▸ **What you should do**: When you reproduce the data, keep every word exactly as it stands and leave the pictures out.

▸ **Information supplied**:
....

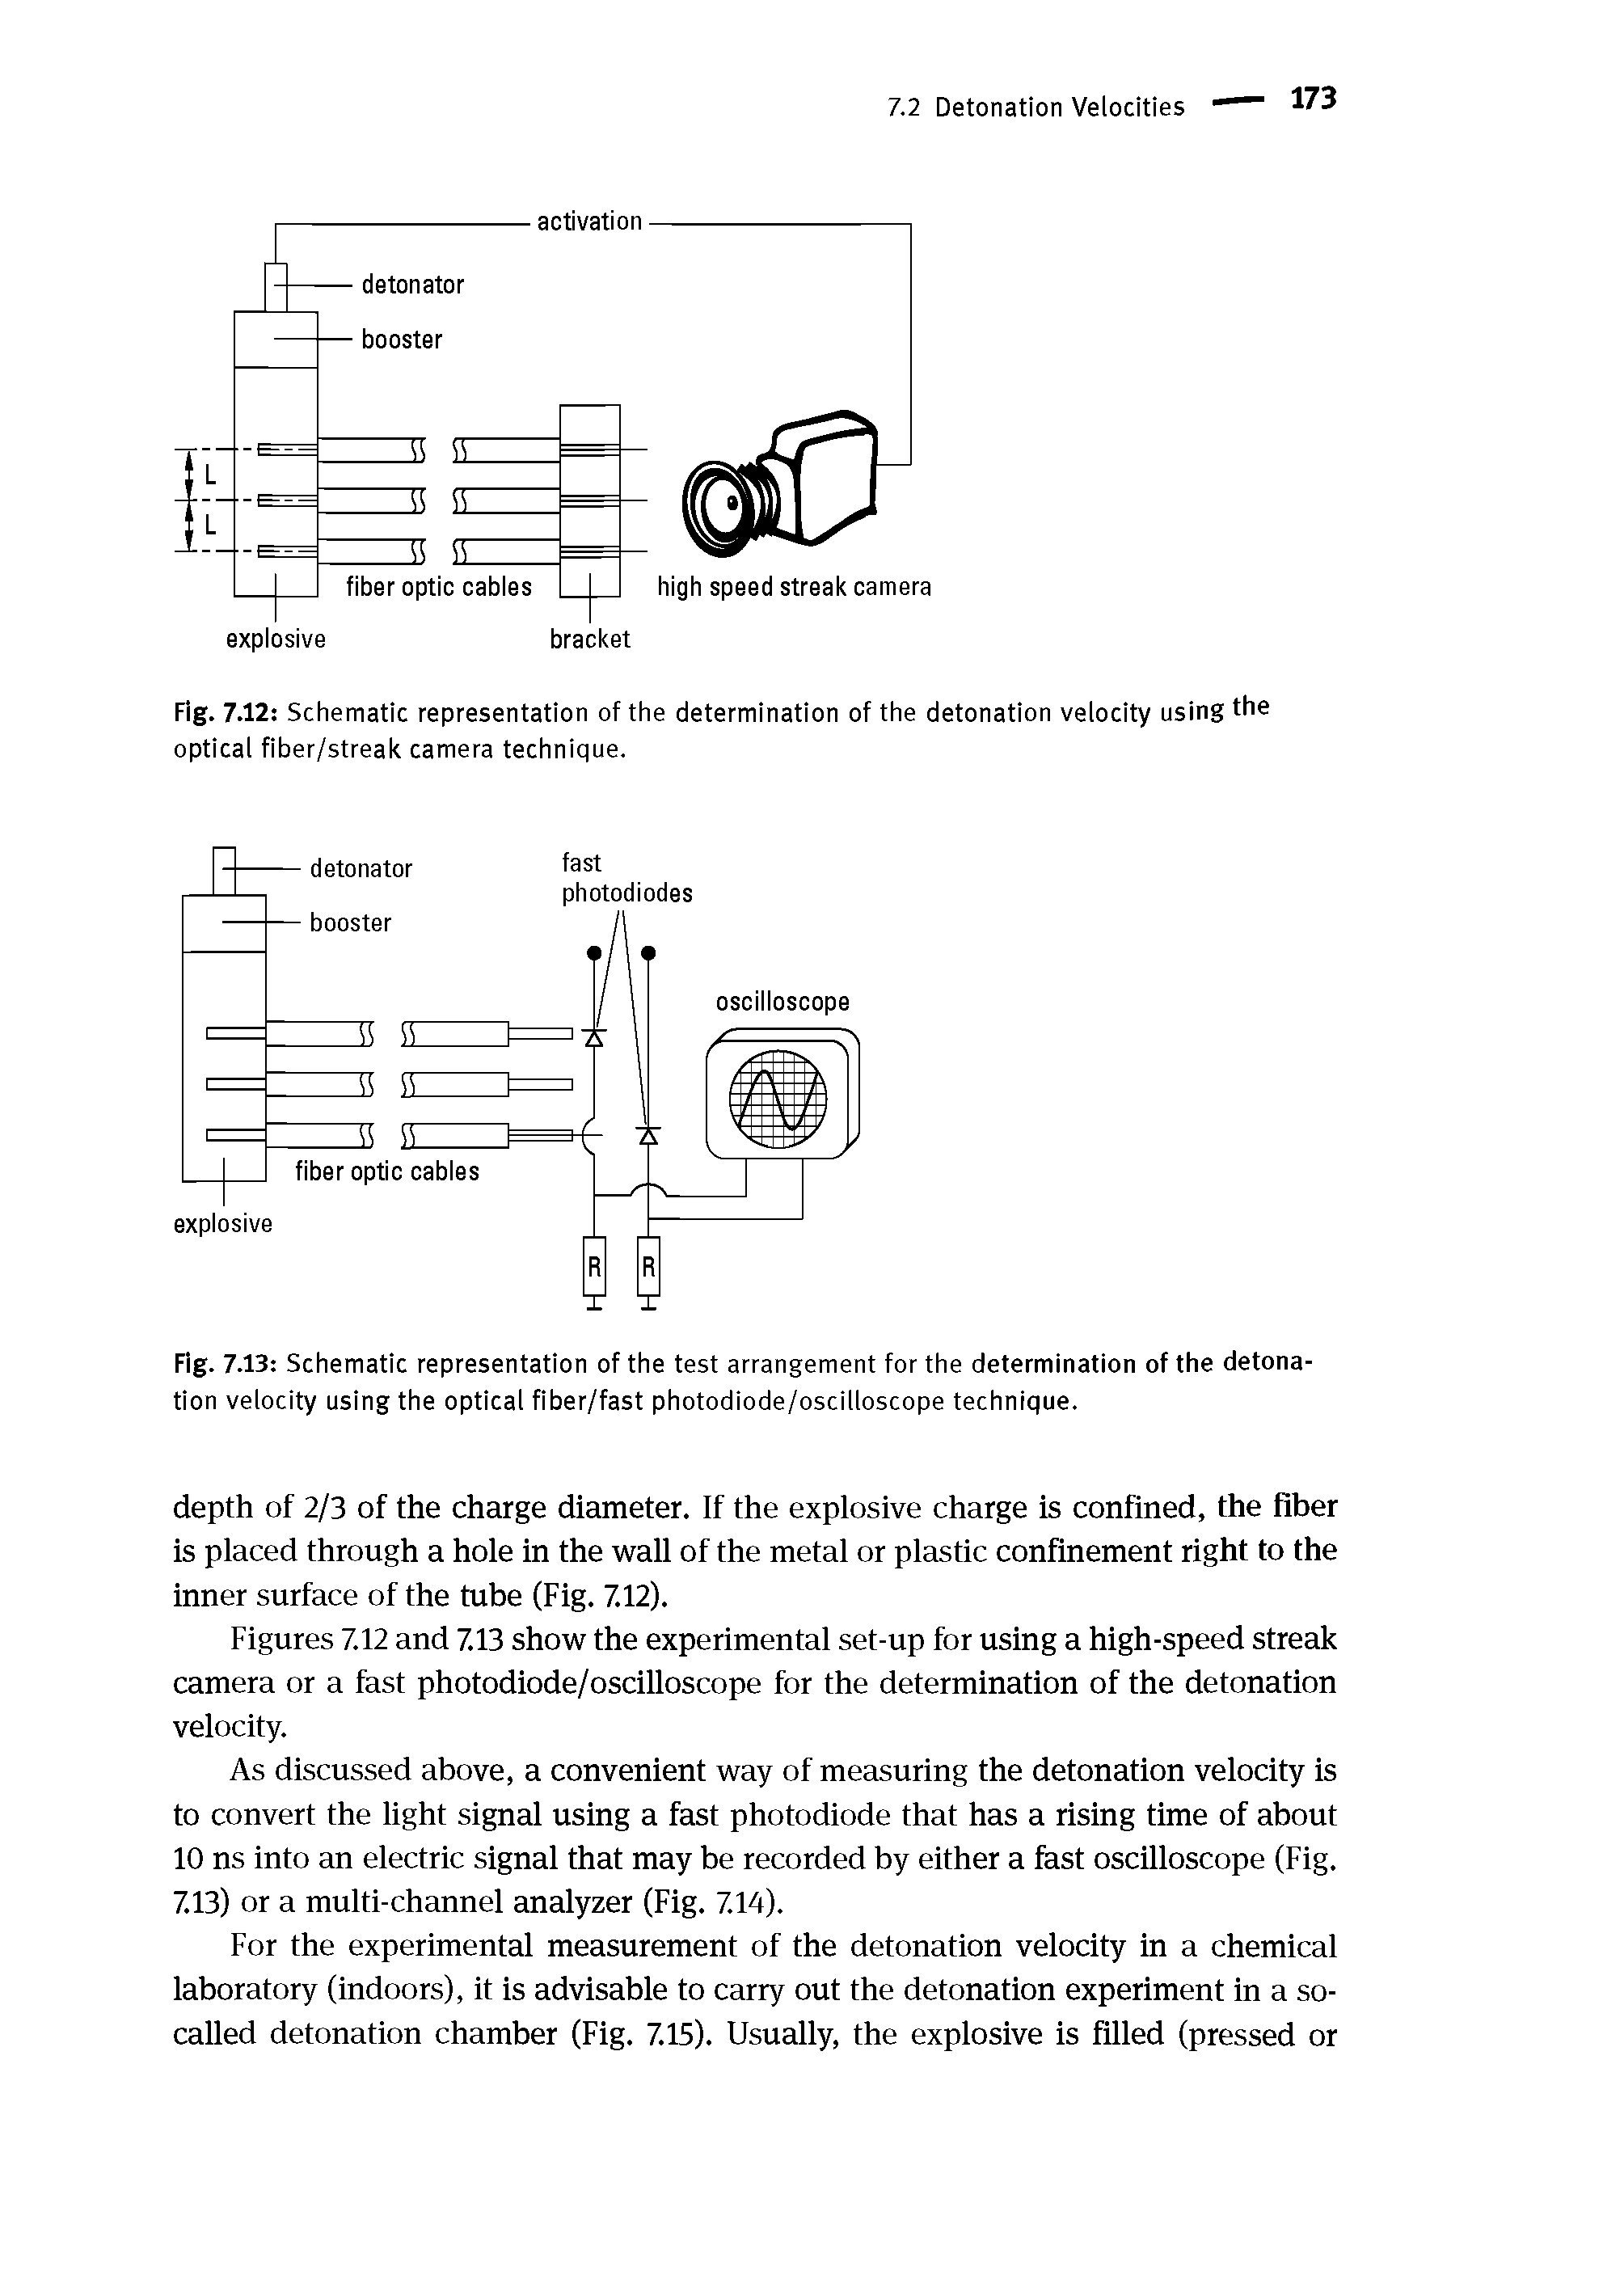 Fig. 7.12 Schematic representation of the determination of the detonation velocity using the optical fiber/streak camera technique.
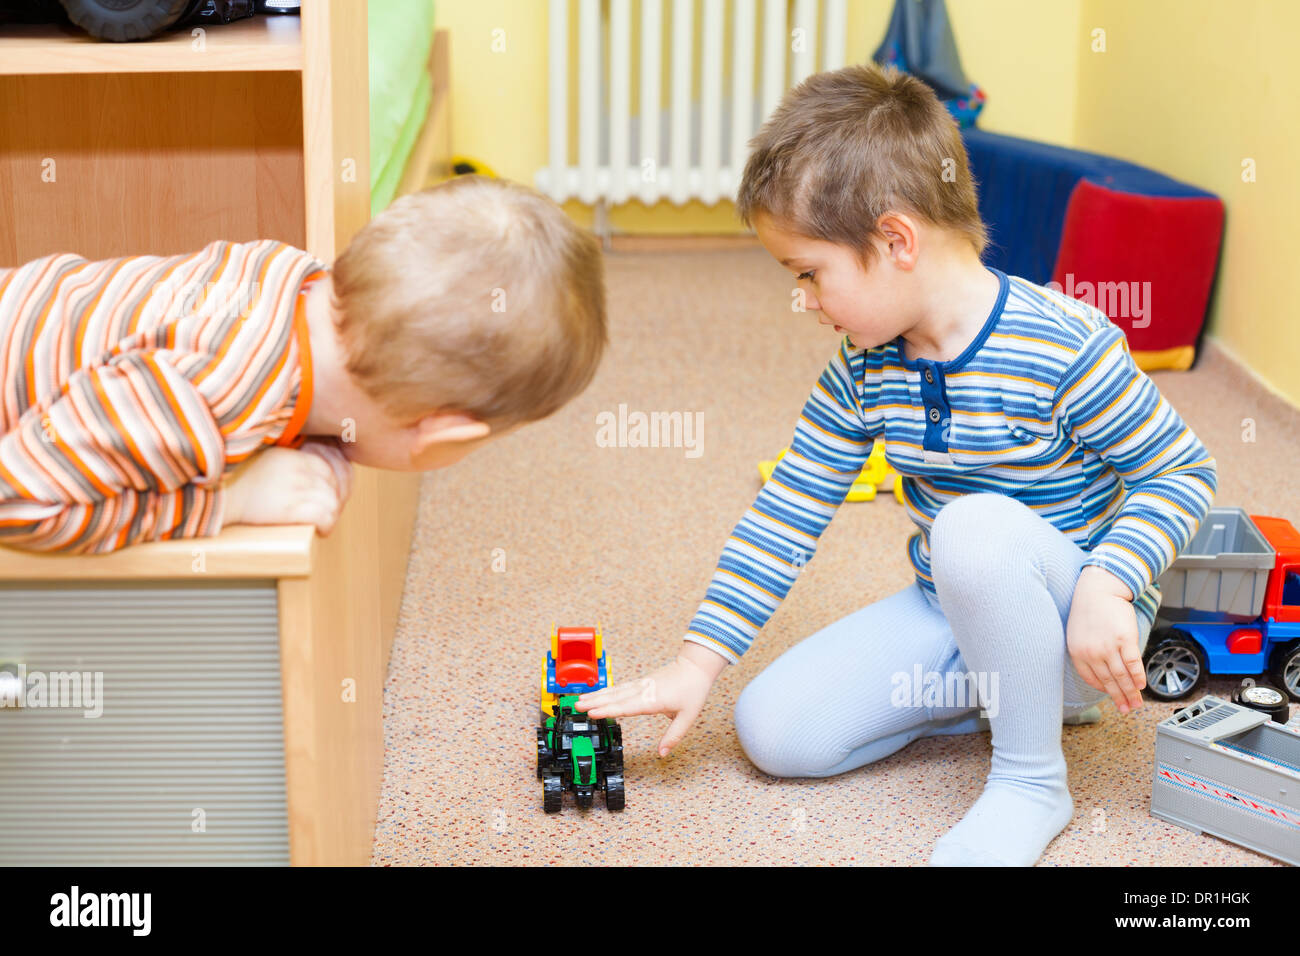 Deux enfants jouent avec des jouets à la maison Banque D'Images
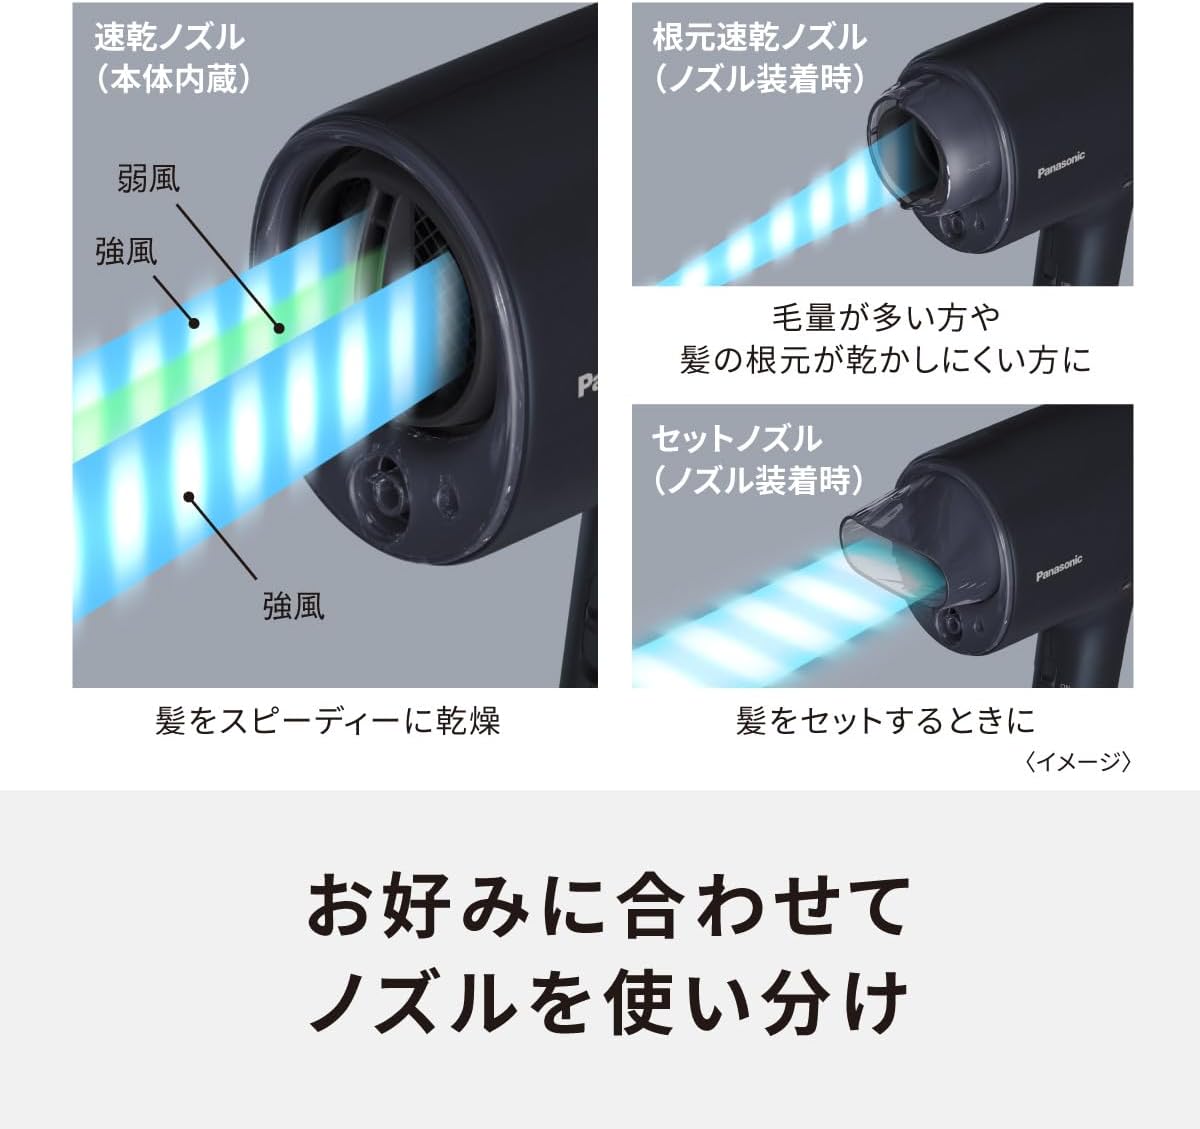 日本品牌 Panasonic 松下 電吹風 納米水離子 搭載高滲透納米水離子&礦物質緊湊型 深海軍藍 EH-NA0J-A_YOUTW_588
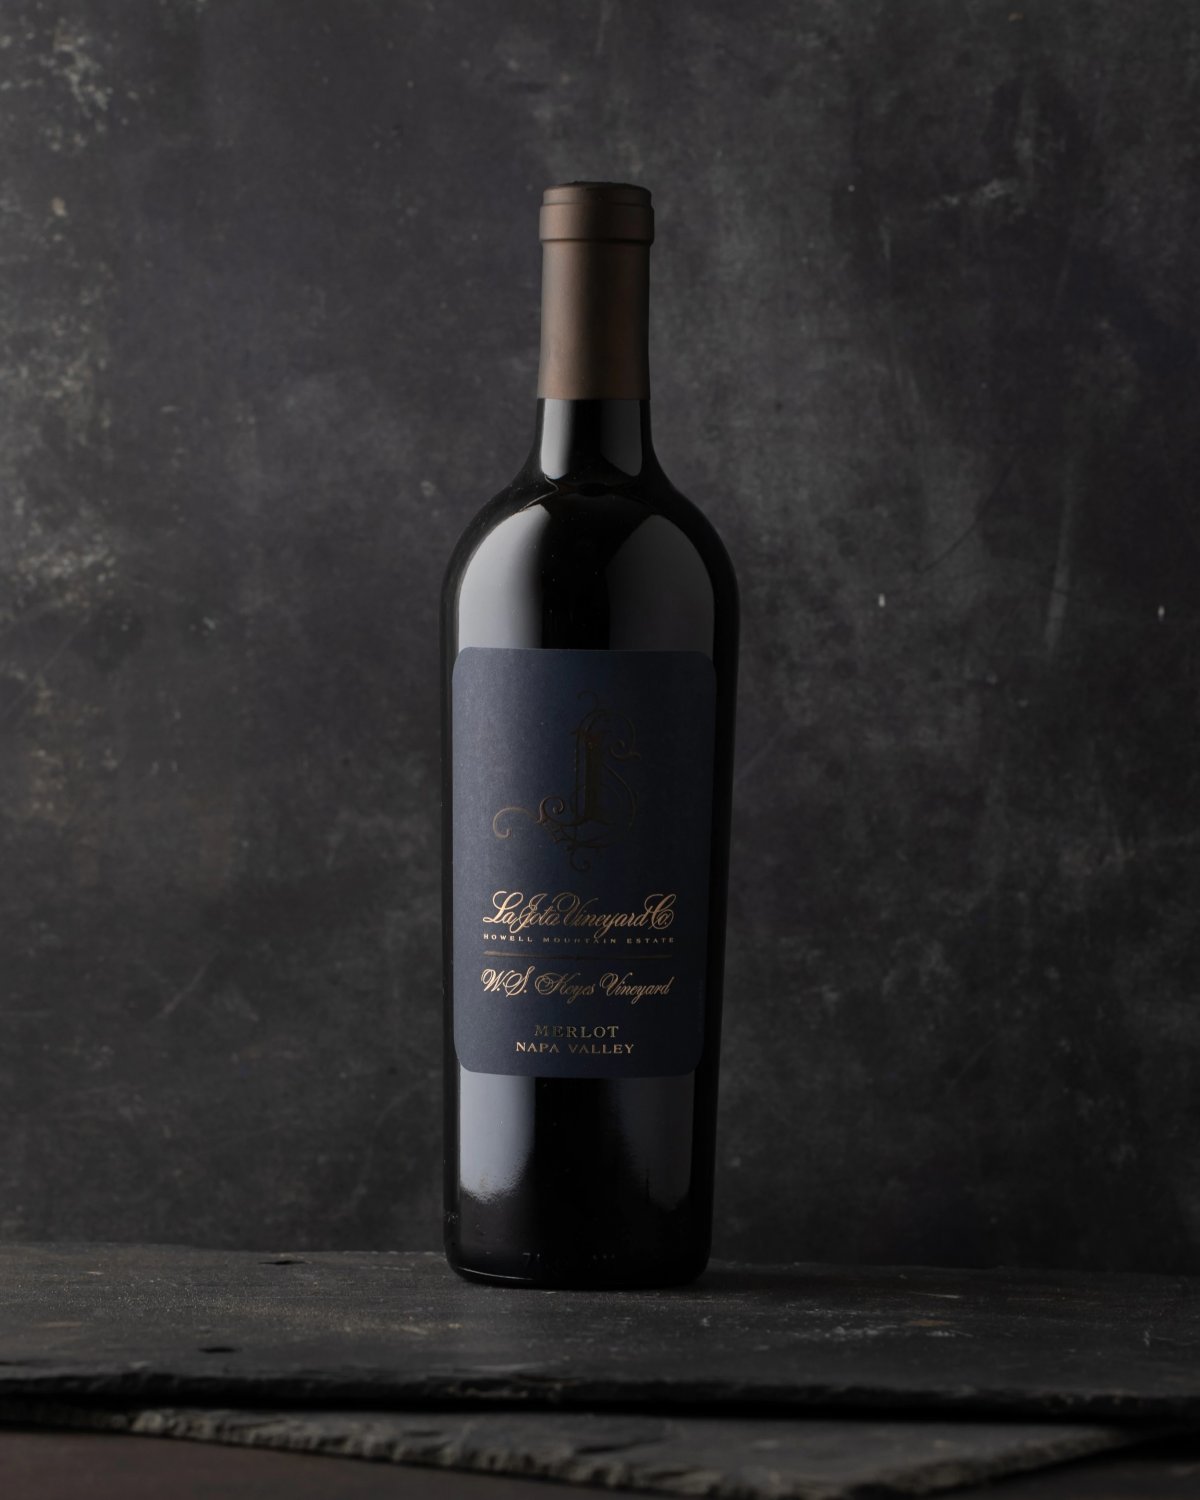 Single bottle of 2018 La Jota W.S. Keyes Vineyard Merlot

....

▸ **Reply to the task**:
 Fig. 7.12 Schematic representation of the determination of the detonation velocity using the optical fiber/streak camera technique.
 Deux enfants jouent avec des jouets à la maison Banque D'Images
 日本品牌 Panasonic 松下 電吹風 納米水離子 搭載高滲透納米水離子&礦物質緊湊型 深海軍藍 EH-NA0J-A_YOUTW_588
 Single bottle of 2018 La Jota W.S. Keyes Vineyard Merlot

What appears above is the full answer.